**Assigned task**
The listing is to be printed word for word, pictures omitted.

**Available data**
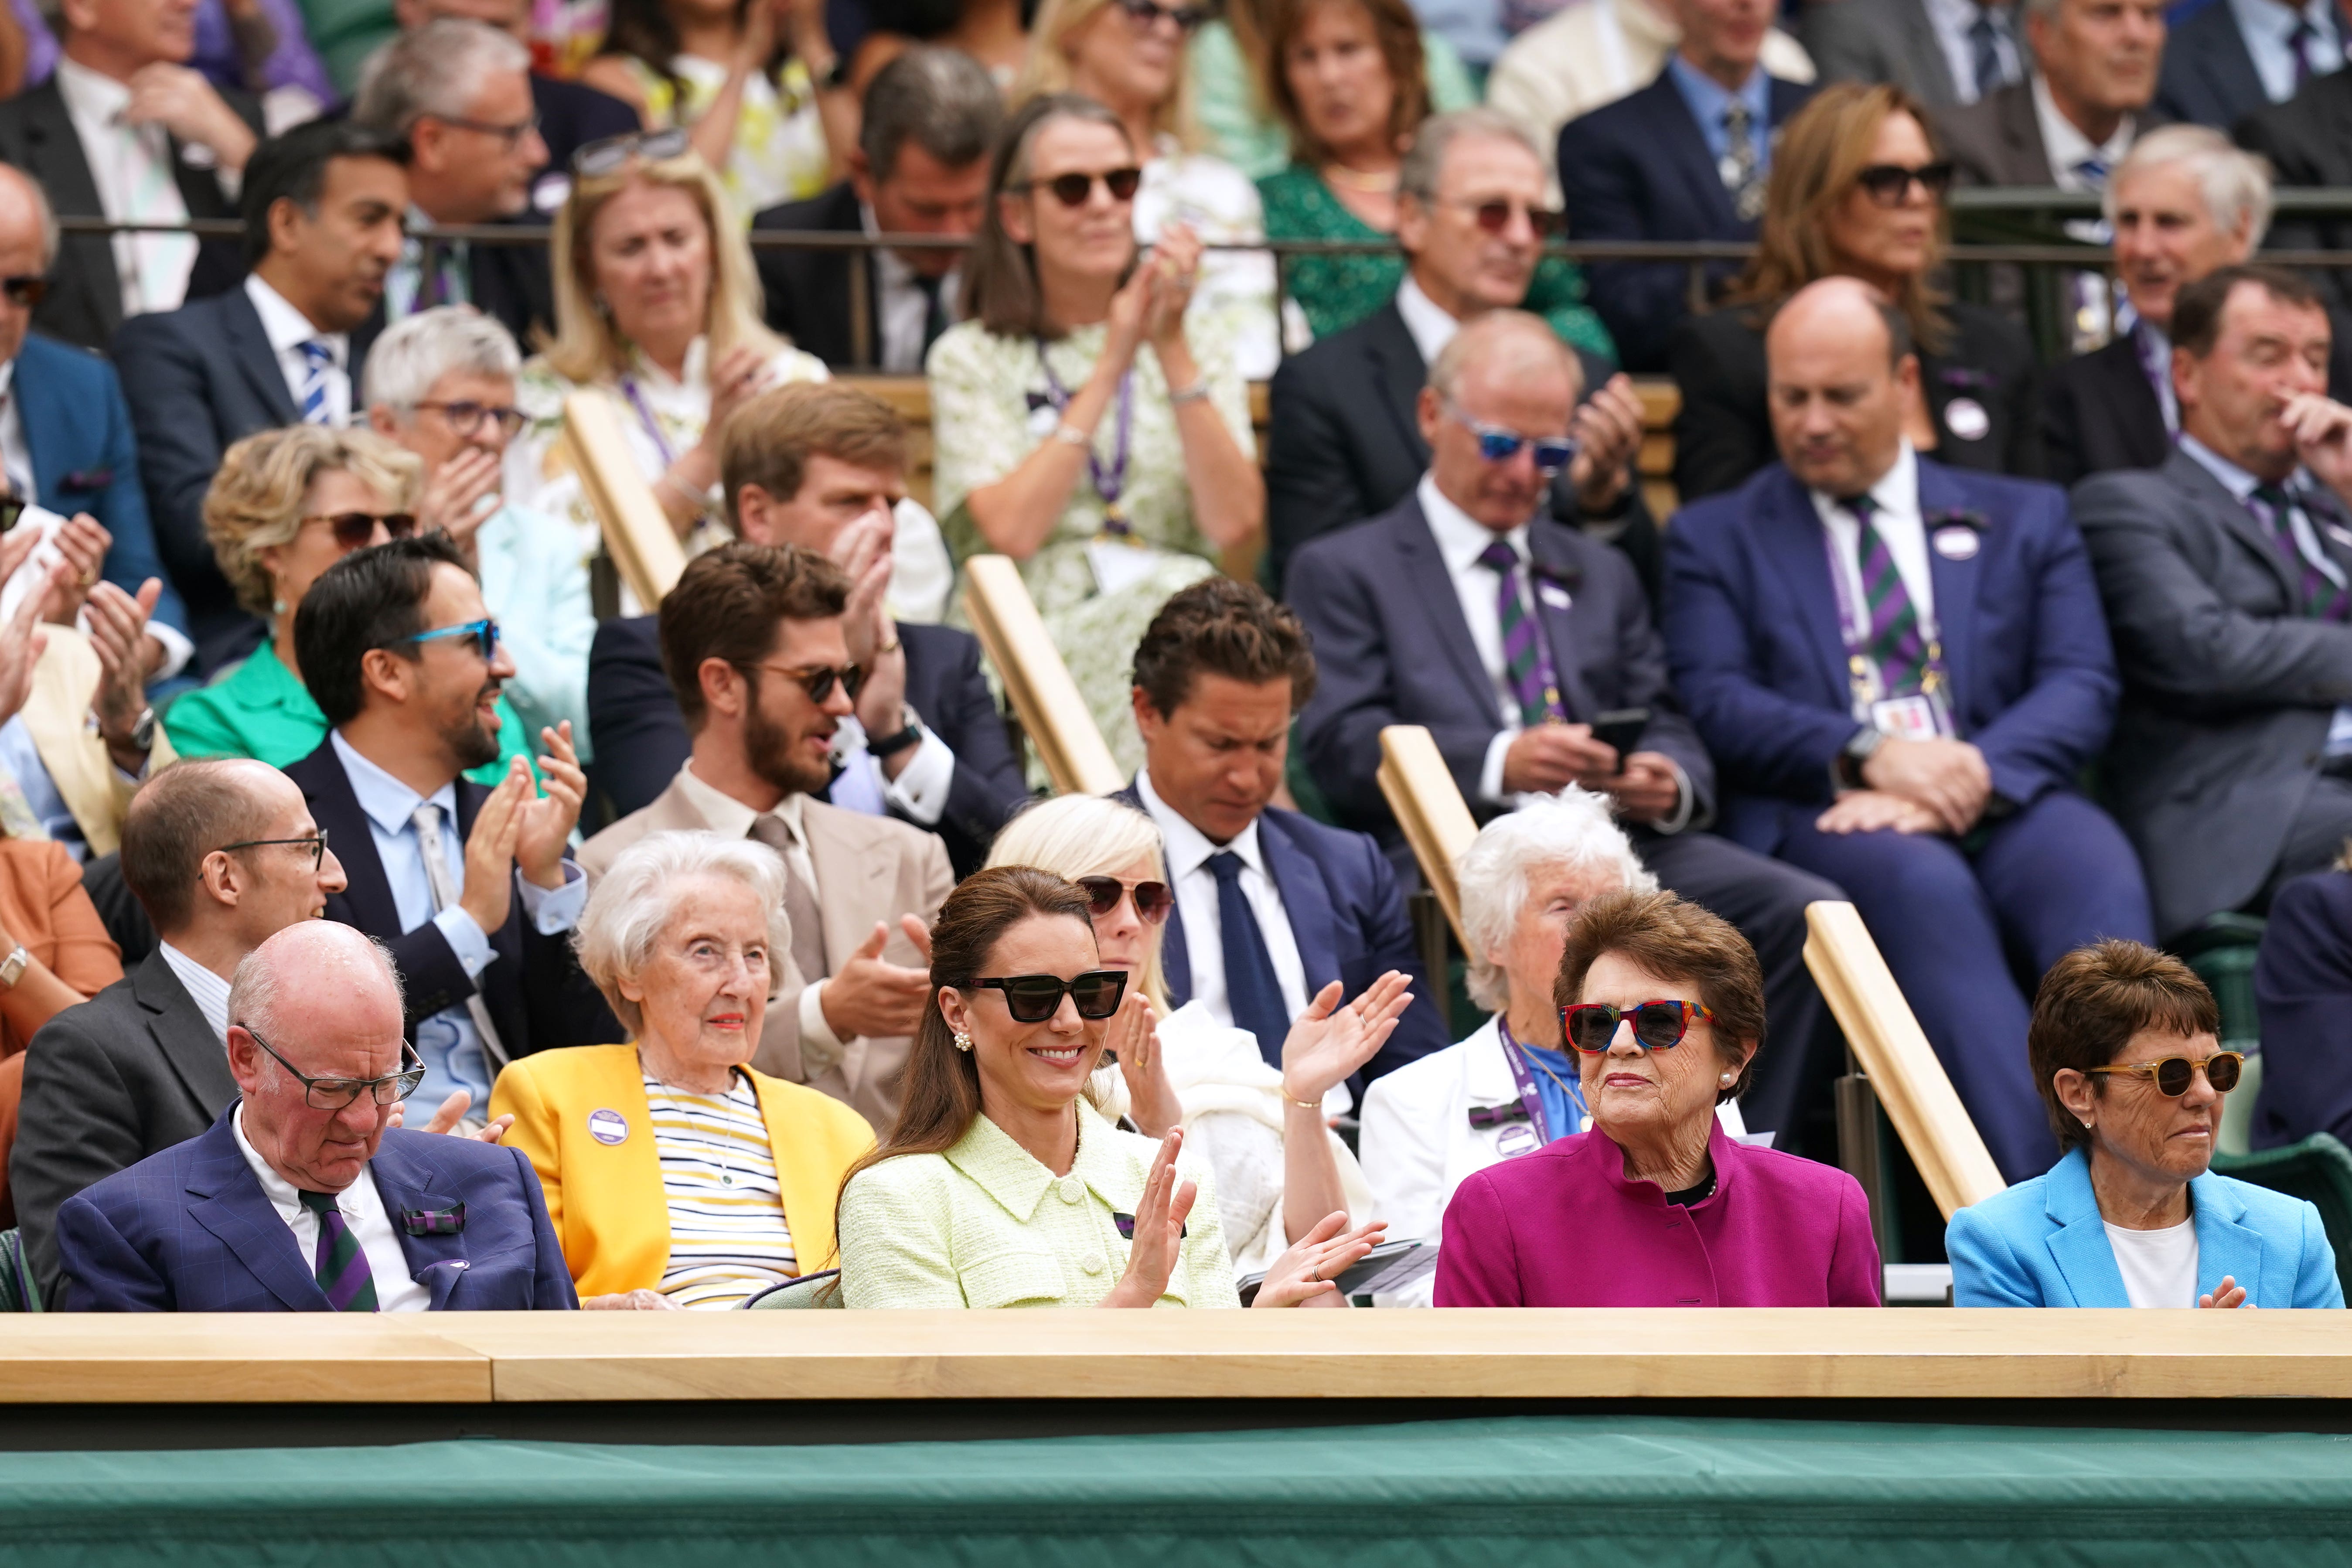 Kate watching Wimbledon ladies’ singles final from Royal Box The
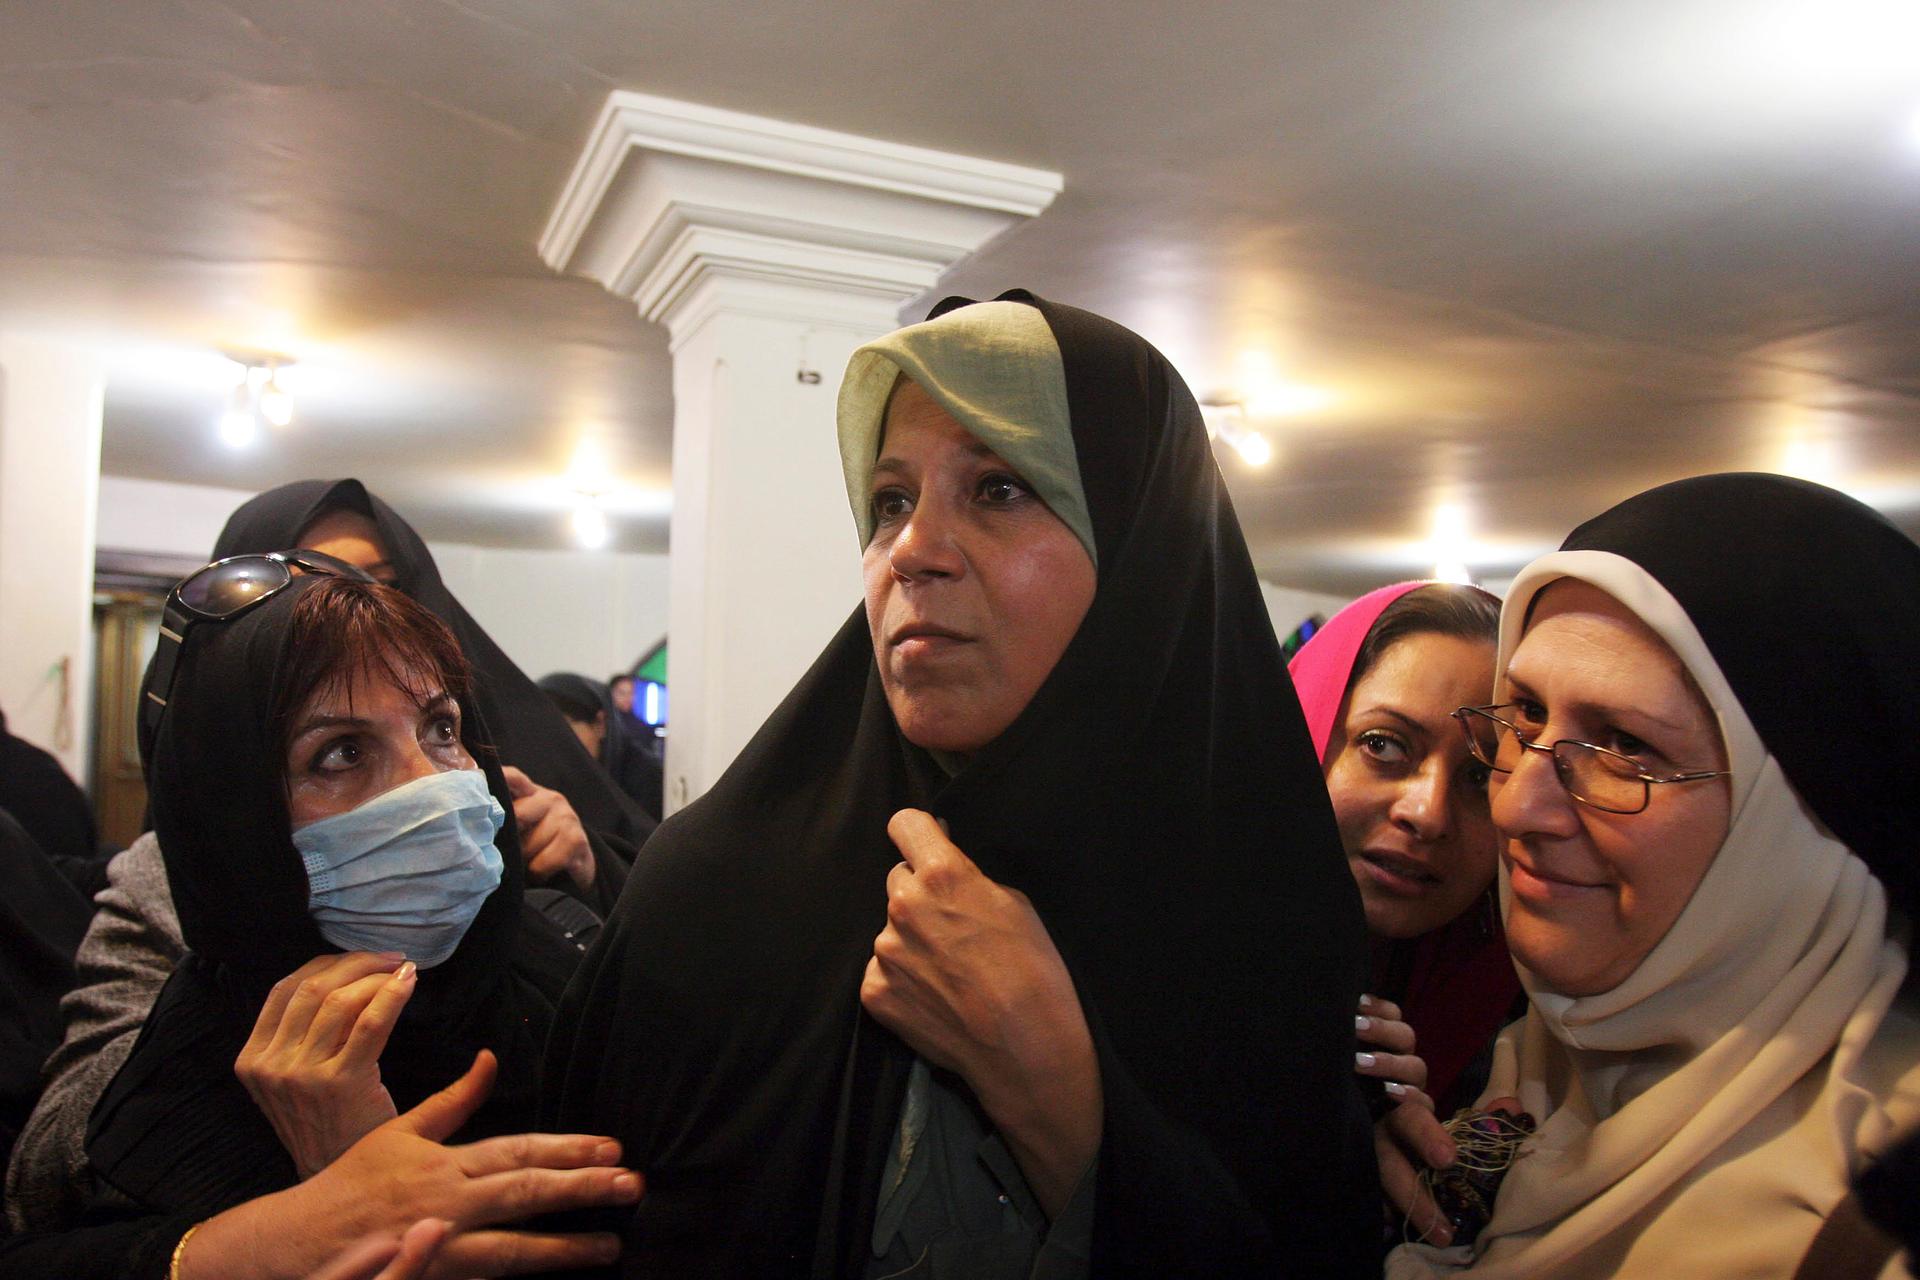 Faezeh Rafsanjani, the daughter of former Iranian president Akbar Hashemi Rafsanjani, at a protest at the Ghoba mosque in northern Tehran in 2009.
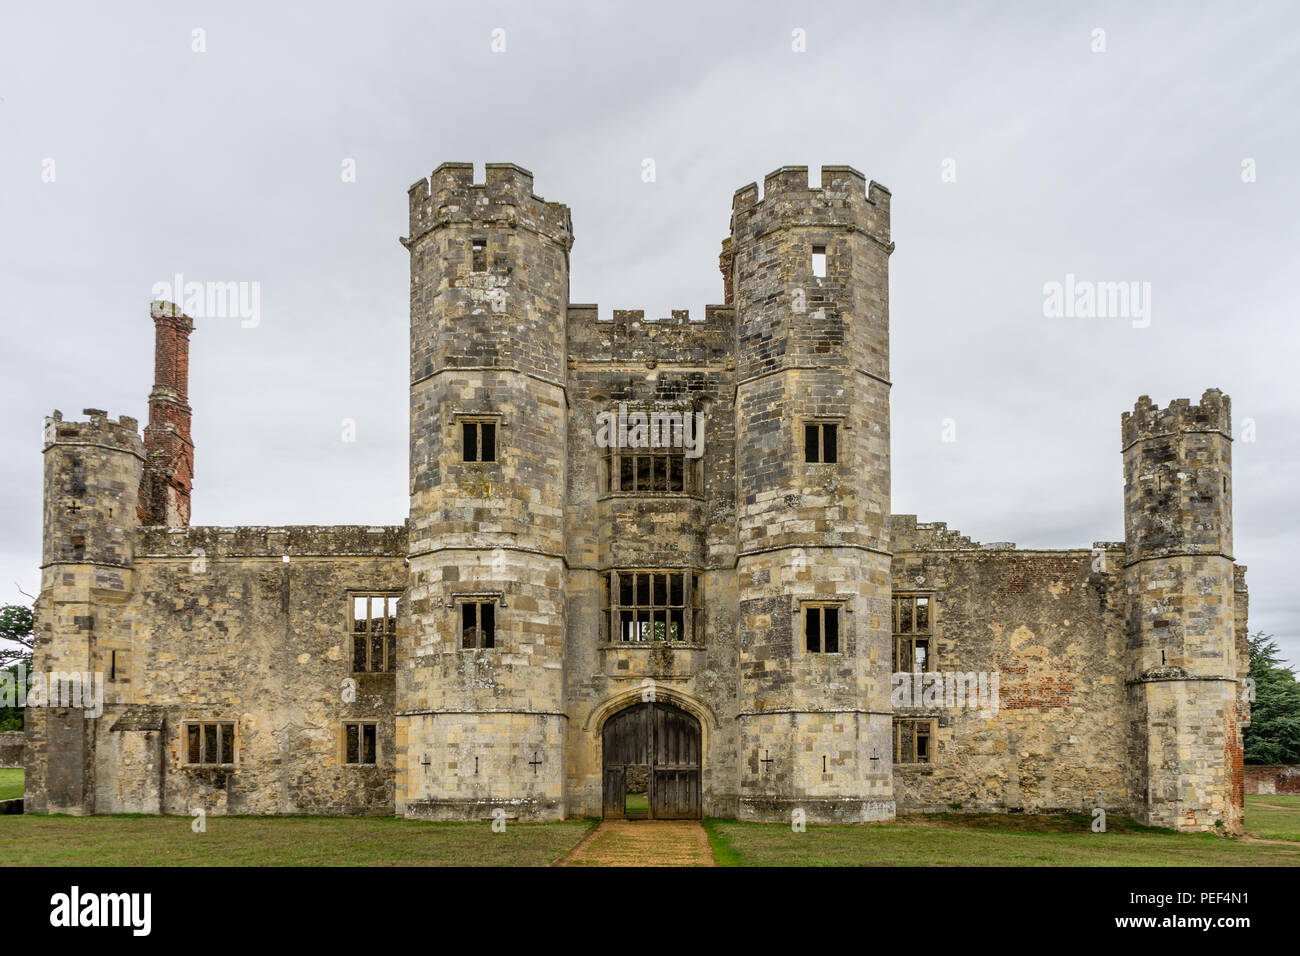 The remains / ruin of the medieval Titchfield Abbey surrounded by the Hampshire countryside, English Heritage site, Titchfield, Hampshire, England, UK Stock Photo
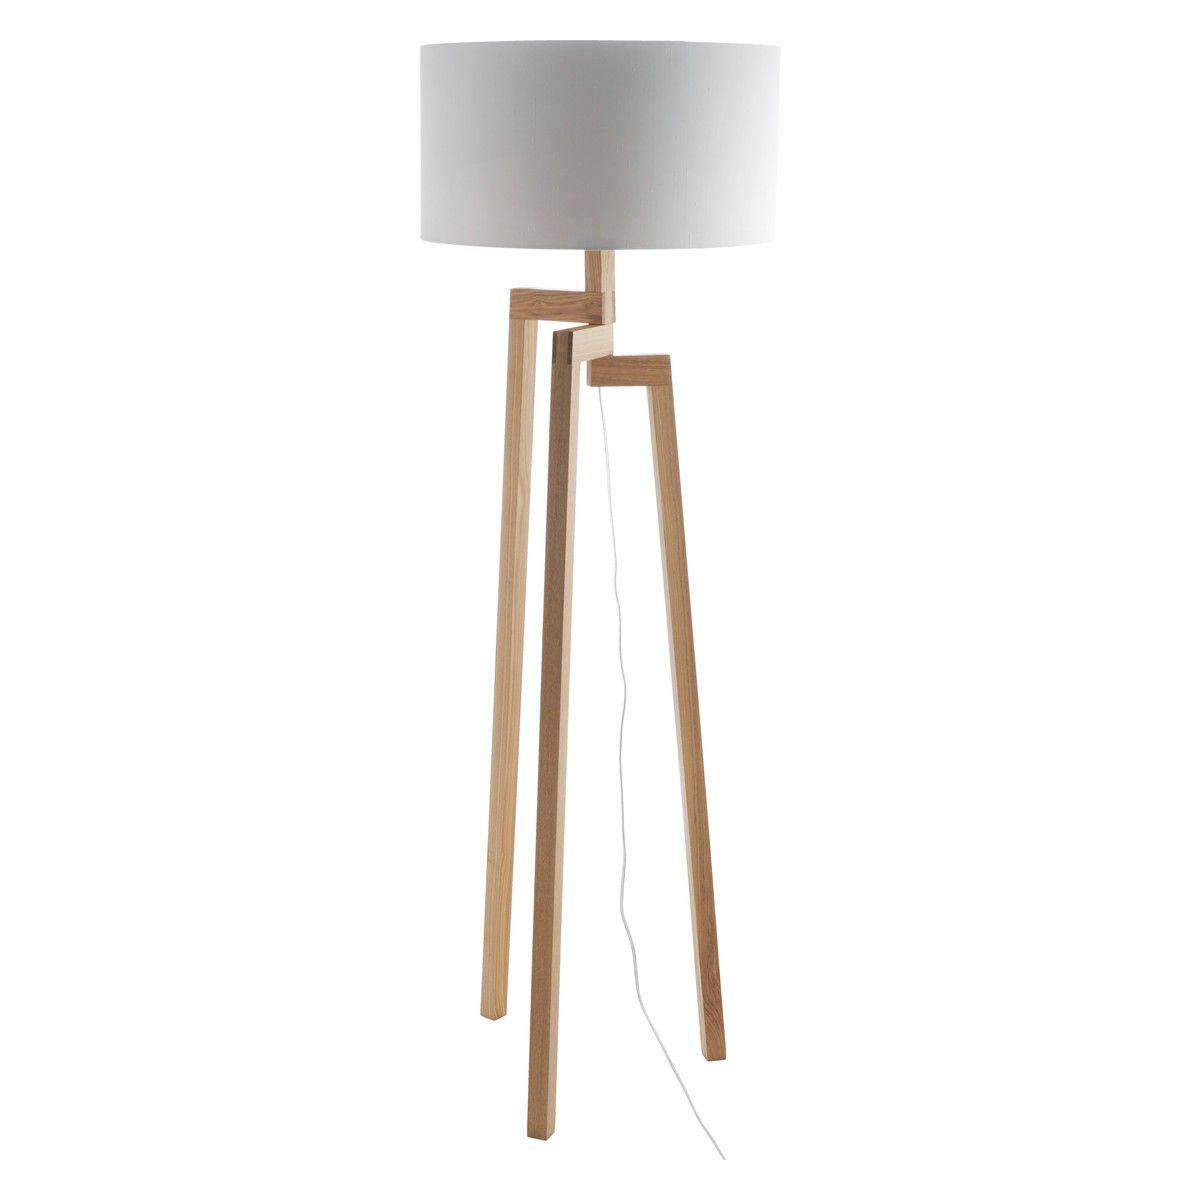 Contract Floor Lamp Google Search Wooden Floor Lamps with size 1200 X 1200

**Expected output**
 Kate watching Wimbledon ladies’ singles final from Royal Box The
 Faezeh Rafsanjani, the daughter of former Iranian president Akbar Hashemi Rafsanjani, at a protest at the Ghoba mosque in northern Tehran in 2009.
 The remains / ruin of the medieval Titchfield Abbey surrounded by the Hampshire countryside, English Heritage site, Titchfield, Hampshire, England, UK Stock Photo
 Contract Floor Lamp Google Search Wooden Floor Lamps with size 1200 X 1200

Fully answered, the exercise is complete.